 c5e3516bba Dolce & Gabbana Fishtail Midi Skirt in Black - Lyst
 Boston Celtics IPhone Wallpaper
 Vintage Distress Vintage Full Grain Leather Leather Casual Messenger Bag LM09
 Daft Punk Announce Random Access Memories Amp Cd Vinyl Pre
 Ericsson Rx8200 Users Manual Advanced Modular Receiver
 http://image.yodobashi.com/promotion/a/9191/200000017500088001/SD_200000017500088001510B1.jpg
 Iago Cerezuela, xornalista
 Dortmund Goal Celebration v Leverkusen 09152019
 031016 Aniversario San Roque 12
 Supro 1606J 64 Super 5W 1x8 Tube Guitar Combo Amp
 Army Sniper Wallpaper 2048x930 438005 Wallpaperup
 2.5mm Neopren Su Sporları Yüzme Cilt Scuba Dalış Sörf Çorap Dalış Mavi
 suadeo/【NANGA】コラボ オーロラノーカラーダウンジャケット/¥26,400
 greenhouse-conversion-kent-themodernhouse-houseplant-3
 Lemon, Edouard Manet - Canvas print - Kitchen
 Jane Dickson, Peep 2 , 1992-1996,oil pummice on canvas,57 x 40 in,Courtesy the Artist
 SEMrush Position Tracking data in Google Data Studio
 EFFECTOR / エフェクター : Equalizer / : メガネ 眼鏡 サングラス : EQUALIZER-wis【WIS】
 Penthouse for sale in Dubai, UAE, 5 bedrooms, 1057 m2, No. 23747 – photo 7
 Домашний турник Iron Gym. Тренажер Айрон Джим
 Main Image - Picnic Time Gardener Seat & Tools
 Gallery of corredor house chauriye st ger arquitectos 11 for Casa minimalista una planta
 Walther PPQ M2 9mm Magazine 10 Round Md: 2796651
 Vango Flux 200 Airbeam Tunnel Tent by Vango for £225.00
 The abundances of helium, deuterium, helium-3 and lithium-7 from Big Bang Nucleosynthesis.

┄┄┄┄┄┄┄┄┄┄┄┄┄┄┄┄┄┄┄┄

TASK BRIEF:
Please output, exactly, the lines of the listing from the one containing "Домашний турник Iron" through the last, inclusive, and no other lines.

TASK RESPONSE:
 Домашний турник Iron Gym. Тренажер Айрон Джим
 Main Image - Picnic Time Gardener Seat & Tools
 Gallery of corredor house chauriye st ger arquitectos 11 for Casa minimalista una planta
 Walther PPQ M2 9mm Magazine 10 Round Md: 2796651
 Vango Flux 200 Airbeam Tunnel Tent by Vango for £225.00
 The abundances of helium, deuterium, helium-3 and lithium-7 from Big Bang Nucleosynthesis.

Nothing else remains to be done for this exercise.